Brazil's Central Bank held its key interest rate steady for the sixth straight time Wednesday, despite pressure from President Luiz Inácio Lula da Silva for a rate cut to kick-start Latin America's biggest economy.
Citing "resilient" inflation and an "external environment that remains adverse," the bank's monetary policy committee said it had decided to leave the benchmark Selic rate at 13.75 percent.
The decision, which was in line with market expectations, came on the same day the US Federal Reserve raised its key rate by a quarter-point – the latest sign the world's main central banks are not yet ready to take the brakes off monetary policy as they battle to curb inflation.
Brazil's Central Bank called for "patience" as it kept its key rate at a more than six-year high. It showed no sign its stance would change by its next meeting, scheduled for June 20 and 21.
"Considering the uncertainty around its different scenarios, the [Central Bank's monetary policy] committee remains vigilant," it said in a statement.
"It will persevere until not only the inflation rate but market expectations have consolidated around its target. The committee believes the situation calls for patience and serenity."
Brazil's annual inflation rate came in at 4.65 percent for March, returning within the Central Bank's target range – currently 1.75 to 4.75 percent – for the first time since January 2021.
But the bank, which has waged one of the most hawkish anti-inflation campaigns in the world since starting its current tightening cycle two years ago, continued to warn surging prices were not yet under control.
Clashes with Lula
Lula has called Brazil's key interest rate "absurd," urging a cut to boost the economy and openly clashing with Central Bank chief Roberto Campos Neto.
The bank's monetary policy committee said uncertainty over the Lula administration's spending plans was one of the factors in its decision.

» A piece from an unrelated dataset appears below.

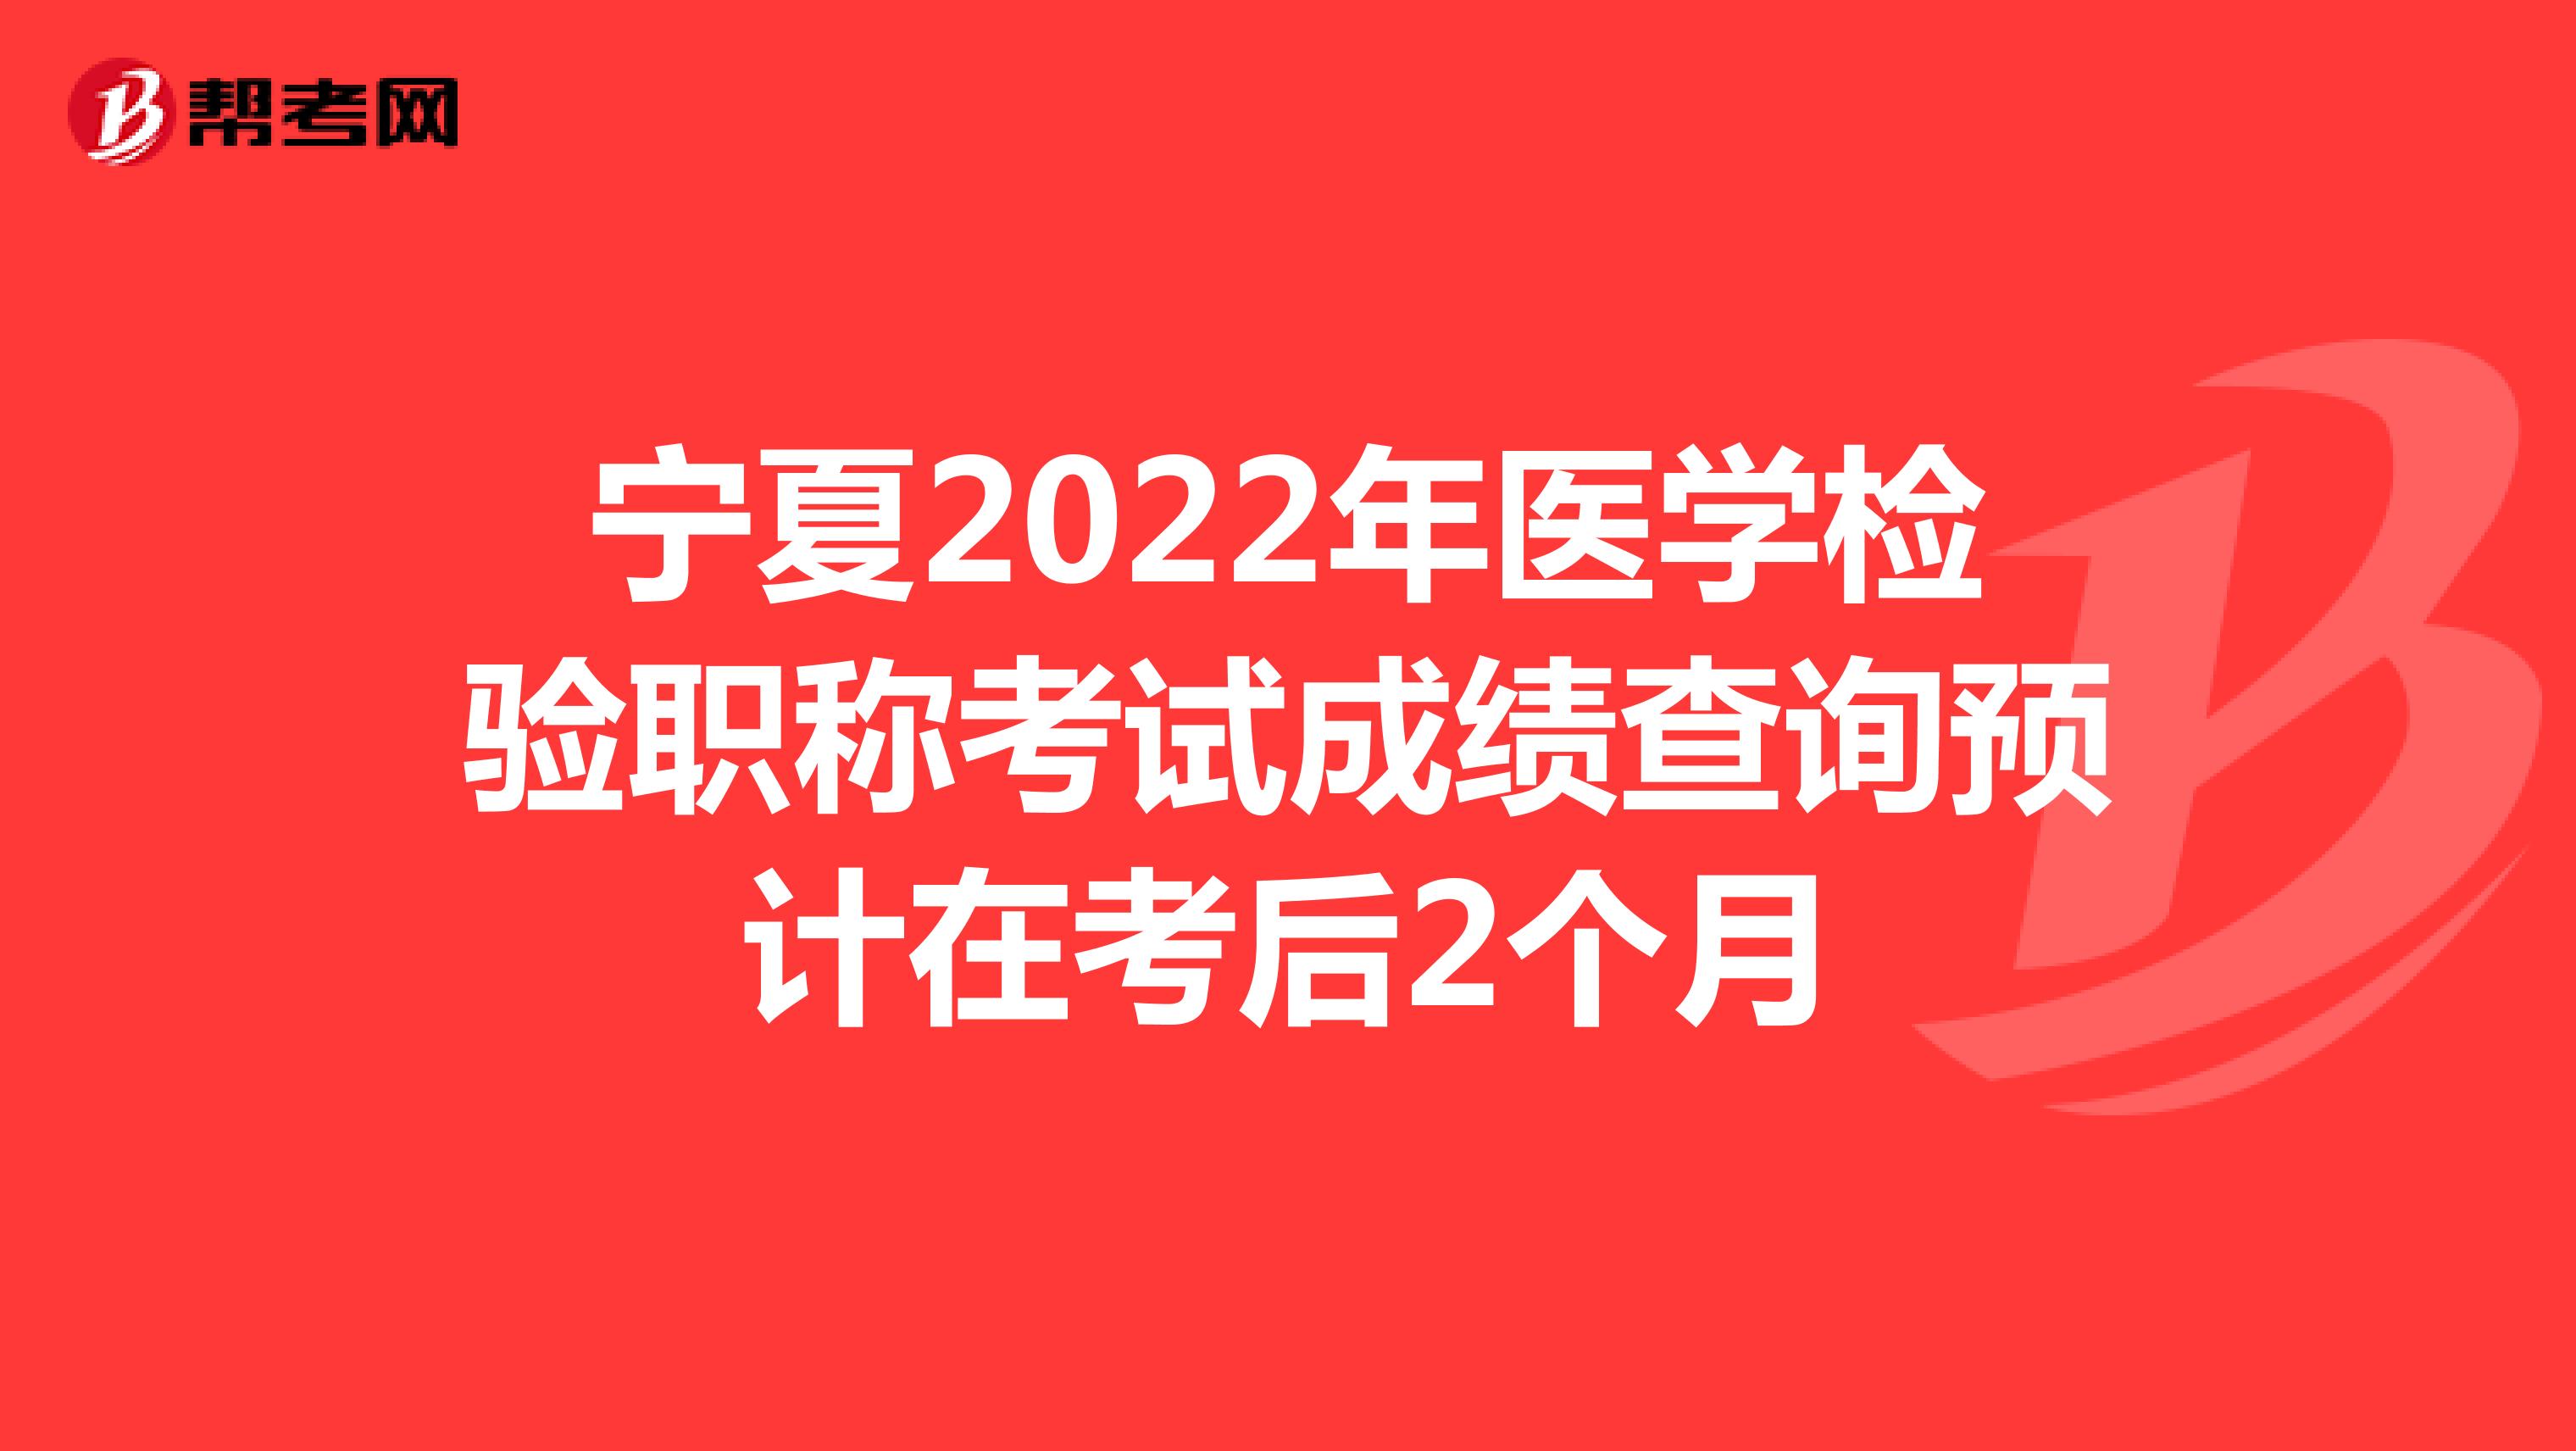 宁夏2022年医学检验职称考试成绩查询预计在考后2个月

Fearing a recession after Brazil's sluggish economy contracted 0.2 percent in the fourth quarter of 2022 – the last under far-right ex-president Jair Bolsonaro – the veteran leftist is pushing for an interest-rate cut to help spur growth.

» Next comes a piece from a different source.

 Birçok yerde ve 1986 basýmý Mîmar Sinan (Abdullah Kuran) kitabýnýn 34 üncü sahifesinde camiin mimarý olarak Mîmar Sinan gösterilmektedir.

Analysts polled by the Central Bank are currently predicting Brazil's economy will grow one percent in 2023, with inflation of 6.05 percent for the year.

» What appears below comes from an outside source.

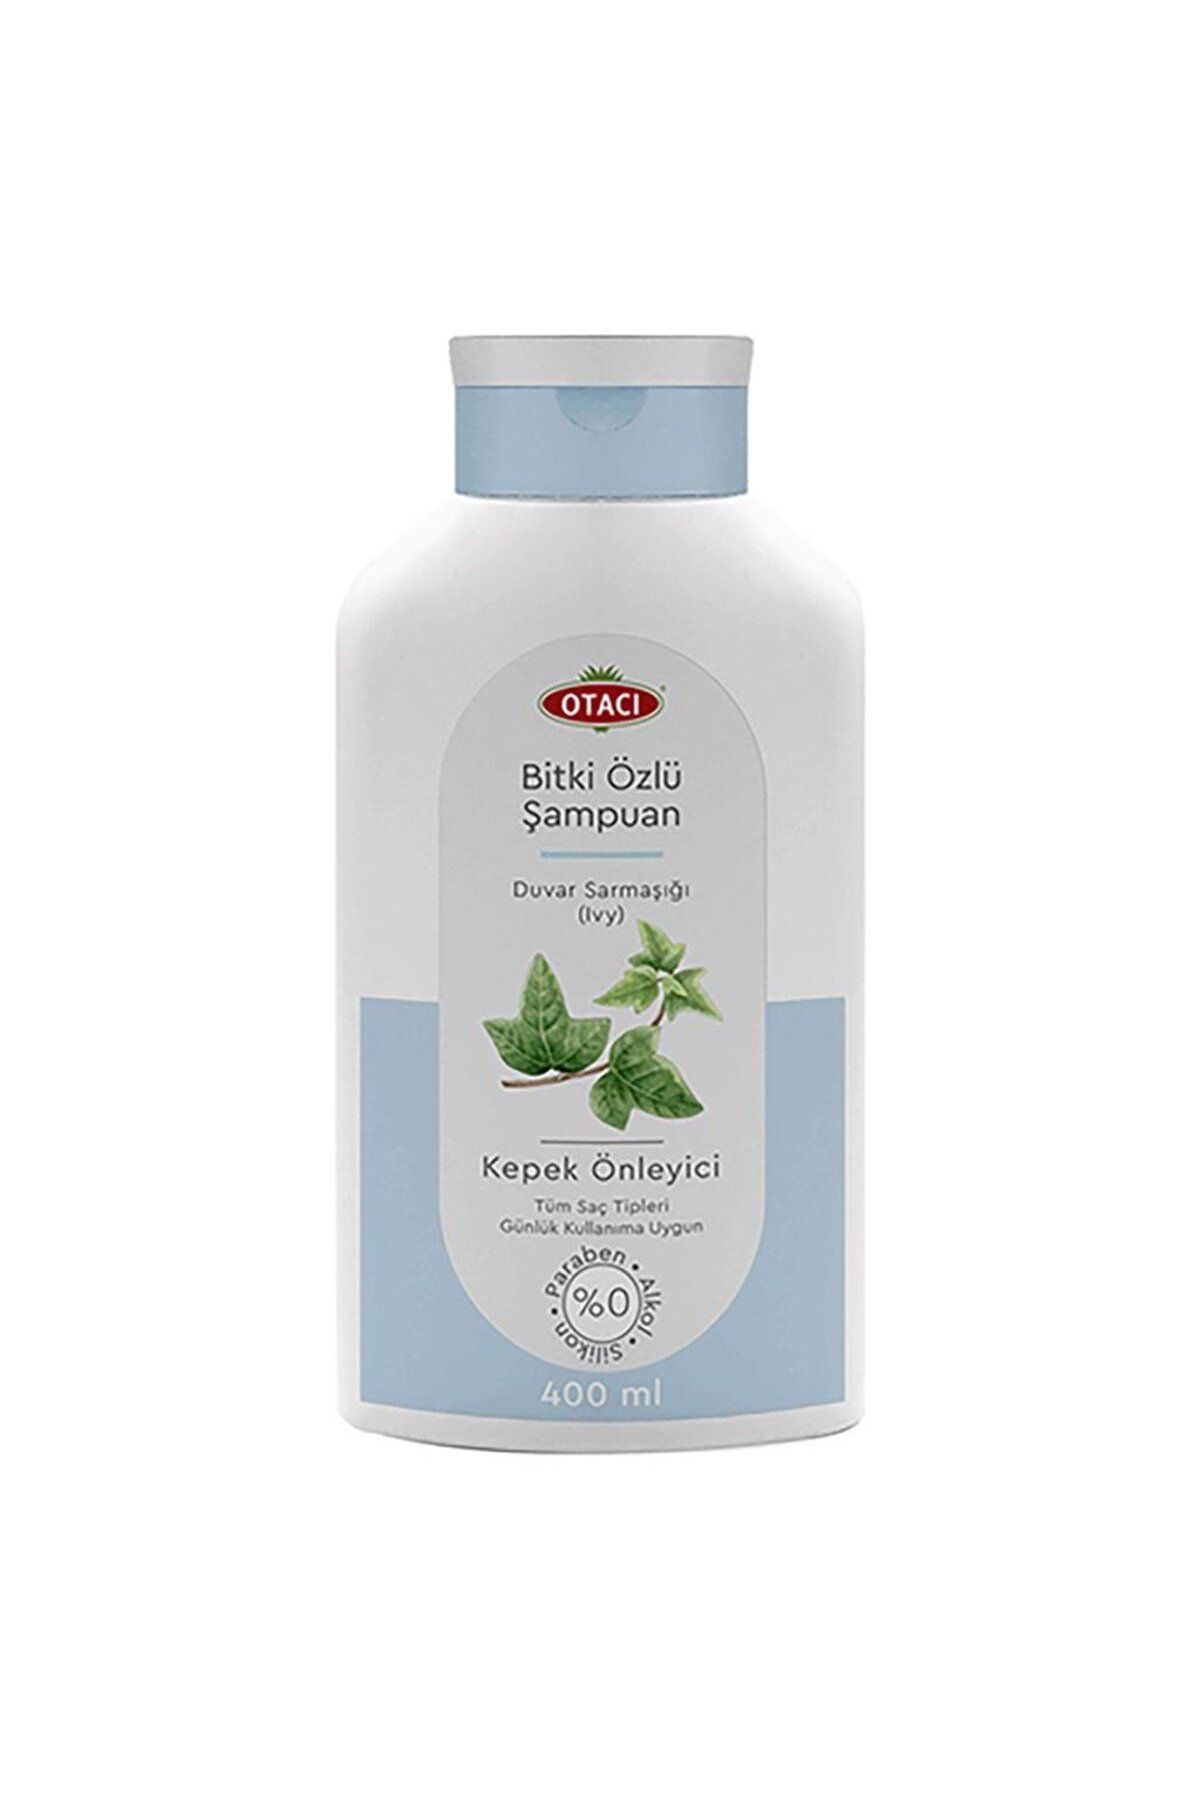 Otacı Ivy Kepeğe Karşı Etkili Şampuan 400 ml

Market expectations are for the bank to start easing the interest rate from September, according to the its weekly poll.
Haunted by a history of hyperinflation, Brazil has aggressively raised its key interest rate from an all-time low of two percent since inflation started to surge worldwide in early 2021, fueled by the effects of the Covid-19 pandemic and then Russia's invasion of Ukraine.
Brazil currently has the world's highest real interest rate – subtracting – according to São Paulo investment firm Infinity Asset.